Presidente do Conselho Deliberativo da Oxfam Brasil, presidente emérito do Instituto Ethos e conselheiro da Rede Nossa São Paulo e do programa Cidades Sustentáveis; é idealizador do Fórum Social Mundial
Em 5 de outubro, no programa Roda Viva, da TV Cultura, a empresária Luiza Helena Trajano, a mulher mais rica e uma das mais influentes do Brasil, dona do Magazine Luiza, citou a desigualdade como um dos maiores senão o maior problema brasileiro. Ela tem toda razão. As nossas desigualdades —econômica, social, de gênero, de raça, territorial e na representação política— estão entre as maiores do mundo. Exemplo disso é o fato de que apenas 1% da população possui 48% da riqueza nacional.

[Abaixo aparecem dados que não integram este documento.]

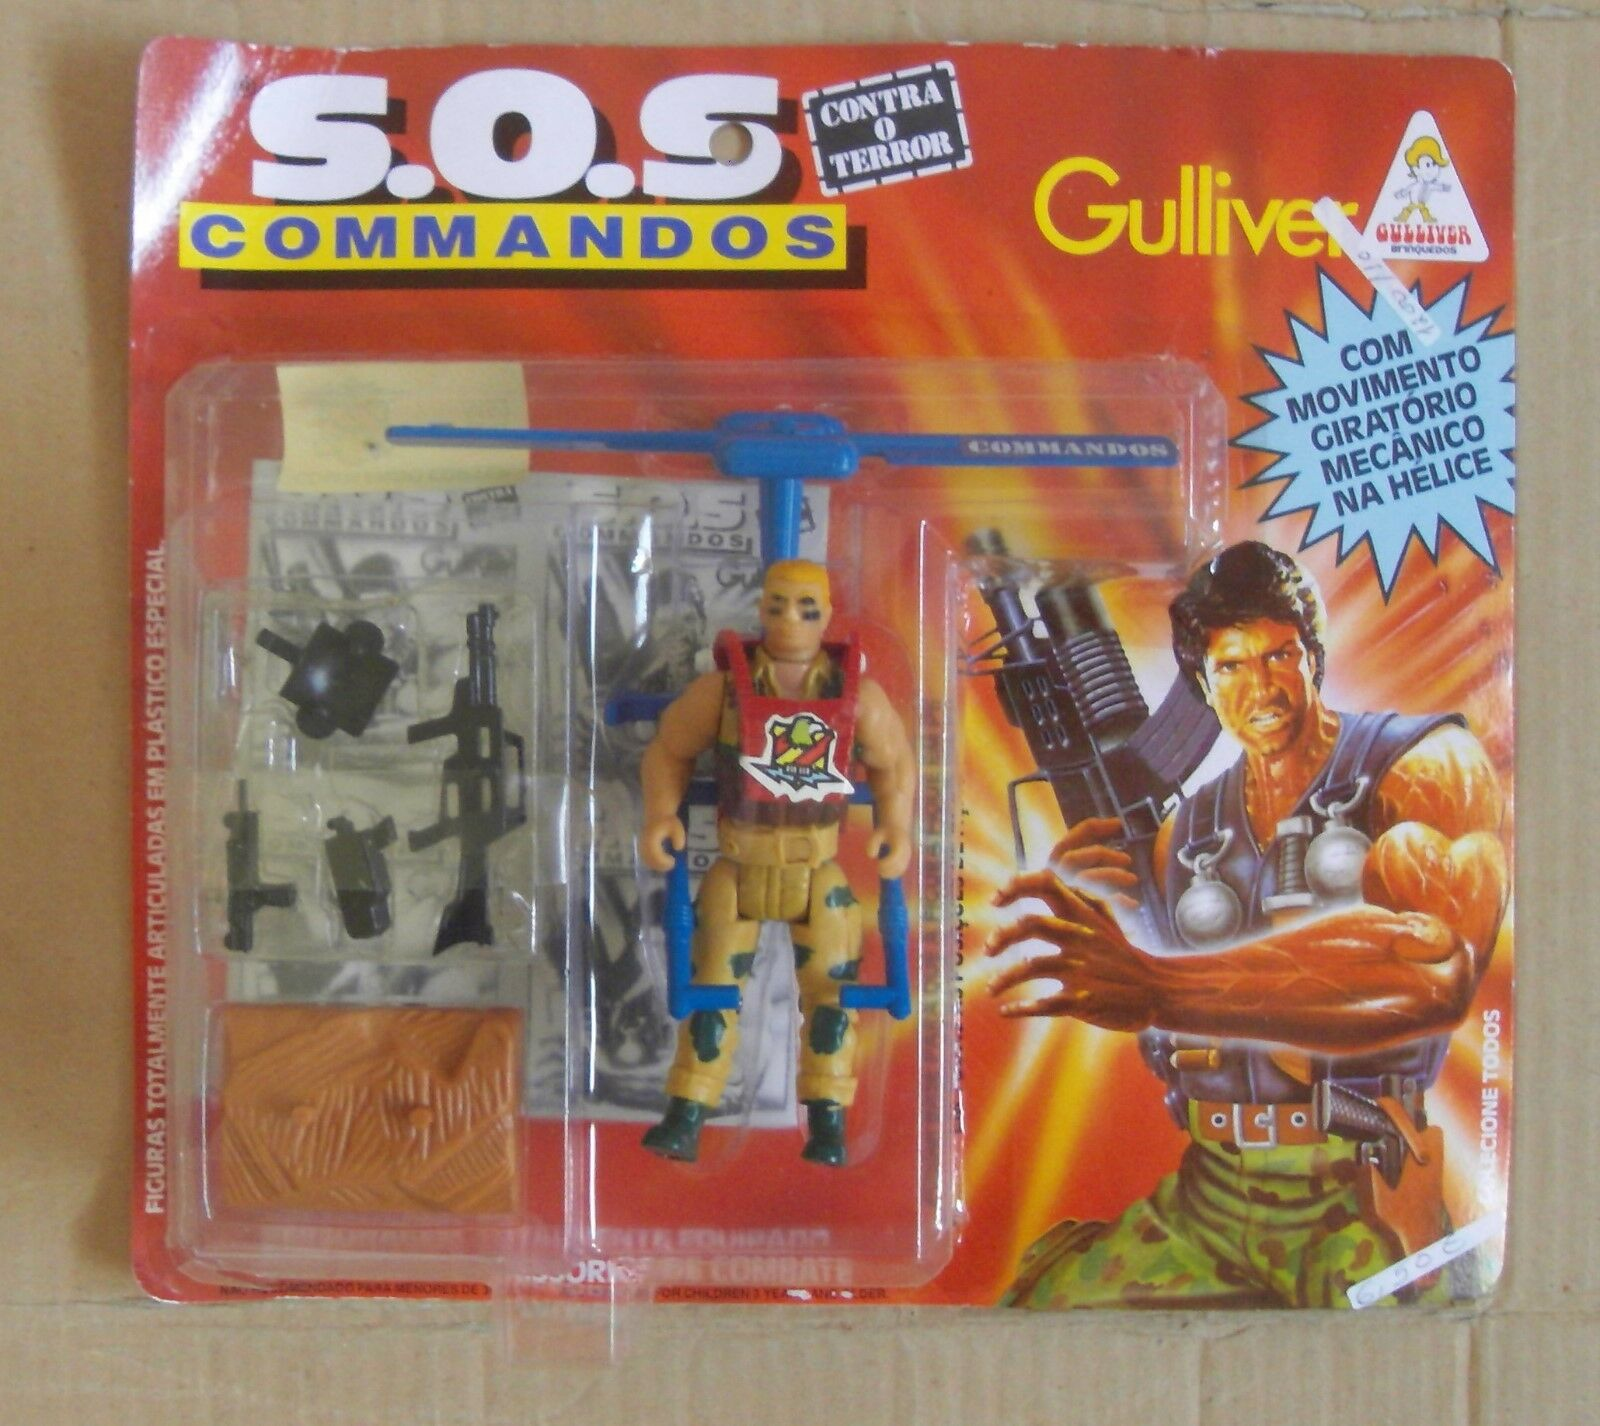 SOS COMMANDOS GULLIVER TOYS COMMANDO COPTER  FIGHTER MILITARY FIGURE PORTUGAL

Ao mesmo tempo, somos a nona economia do mundo. Nosso problema não é falta de recursos, mas a sua distribuição. Uma das estruturas que sustenta e alimenta as nossas desigualdades é o sistema tributário. Em nosso país, quem tem mais paga menos, e quem tem menos paga mais tributos. O sistema é regressivo, taxando mais o consumo e menos riquezas e patrimônios. Brasil e Estônia são os únicos países do mundo que não taxam lucros e dividendos. É um sistema anticonstitucional, já que a nossa Carta Magna determina que reduzir as desigualdades é um dos princípios e objetivos fundamentais do Brasil.
Durante o Roda Viva, quando questionada se aceitaria pagar um imposto sobre grandes fortunas (como é usual em muitos países e até uma demanda de muitos bilionários conscientes pelo mundo), Luiza Helena disse que não gostaria de pagá-lo pelo temor de que o dinheiro seja usado de forma indiscriminada e ineficaz pelo governo. Ela se disse a favor de distribuir recursos, mas desde que tivesse controle sobre seu destino, que fossem bem empregados.
O imposto sobre grandes fortunas existe em muitos países e consta da nossa Constituição. Milionários americanos comandados por Bill Gates pediram recentemente serem mais taxados como forma de reduzir as desigualdades. A proposta da Reforma Tributária Solidária, elaborada pela Fenafisco (Federação Nacional do Fisco Estadual e Distrital) e pela Anfip (Associação Nacional dos Auditores Fiscais) e organizada pelo professor Eduardo Fagnani, propõe uma taxação que varia de 0,5% a 1,5% sobre as 59 mil pessoas (apenas 0,028% da população) com patrimônio superior a R$ 10 milhões. Essa taxação renderia R$ 40 bilhões por ano. O Bolsa Família custa R$ 35 bilhões por ano.
Conheço Luiza Helena há muitos anos. Tenho grande admiração por ela. Sempre, desde a fundação da empresa, advogou e principalmente praticou a responsabilidade social com o genuíno interesse de melhorar a vida das pessoas. Sempre enxergou o resultado financeiro da empresa não como fim, mas como meio de contribuir para melhorar a comunidade e o país. O sucesso da empresa demonstra que praticar a responsabilidade social compensa.
Faço então uma proposta para Luiza Helena: que encampe a ideia de taxar a fortuna dos mais ricos. Os recursos arrecadados com este imposto seriam integralmente destinados a um programa que garanta uma renda mínima para os brasileiros e brasileiras mais pobres.
O programa teria um conselho, com a participação da sociedade, incluindo Luiza Helena e alguns outros milionários brasileiros, que fiscalizaria a correta aplicação dos recursos. Atenderia desta forma à preocupação da grande empresária sobre a necessidade de garantir o uso adequado deste imposto.
Já está mais do que comprovado que programas de transferência de renda para os mais pobres ajudam a reduzir as desigualdades e até reativam a economia. Nossas desigualdades inviabilizam qualquer projeto de um país melhor. Isso passa necessariamente por redistribuir recursos. Esses recursos para os paupérrimos não viriam dos pobres, como sugeriu nosso ministro da Economia, mas dos mais ricos.
Para isso, são necessários vontade política e apoio e participação da sociedade. O engajamento daqueles que têm poder econômico, político e consciência social, como Luiza Helena, é fundamental.